> [EXERCISE MATERIAL]
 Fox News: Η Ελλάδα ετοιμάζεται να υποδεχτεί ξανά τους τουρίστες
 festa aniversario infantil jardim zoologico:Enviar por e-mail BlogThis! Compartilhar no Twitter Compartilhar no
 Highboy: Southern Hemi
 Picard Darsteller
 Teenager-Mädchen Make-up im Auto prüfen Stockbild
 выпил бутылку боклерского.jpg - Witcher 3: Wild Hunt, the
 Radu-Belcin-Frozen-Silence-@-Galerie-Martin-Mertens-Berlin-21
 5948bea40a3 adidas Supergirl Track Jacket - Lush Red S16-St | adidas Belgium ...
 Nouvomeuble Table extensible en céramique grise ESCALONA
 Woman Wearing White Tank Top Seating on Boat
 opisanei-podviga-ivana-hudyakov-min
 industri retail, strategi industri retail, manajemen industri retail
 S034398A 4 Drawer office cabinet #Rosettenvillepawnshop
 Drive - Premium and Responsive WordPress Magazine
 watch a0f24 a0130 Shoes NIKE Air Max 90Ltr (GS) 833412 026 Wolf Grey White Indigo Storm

> [WHAT IS REQUIRED] Take every line from the one containing "Nouvomeuble Table extensible" to the end of the listing and output it exactly, with nothing else.

> [RESPONSE TO THIS EXERCISE]
 Nouvomeuble Table extensible en céramique grise ESCALONA
 Woman Wearing White Tank Top Seating on Boat
 opisanei-podviga-ivana-hudyakov-min
 industri retail, strategi industri retail, manajemen industri retail
 S034398A 4 Drawer office cabinet #Rosettenvillepawnshop
 Drive - Premium and Responsive WordPress Magazine
 watch a0f24 a0130 Shoes NIKE Air Max 90Ltr (GS) 833412 026 Wolf Grey White Indigo Storm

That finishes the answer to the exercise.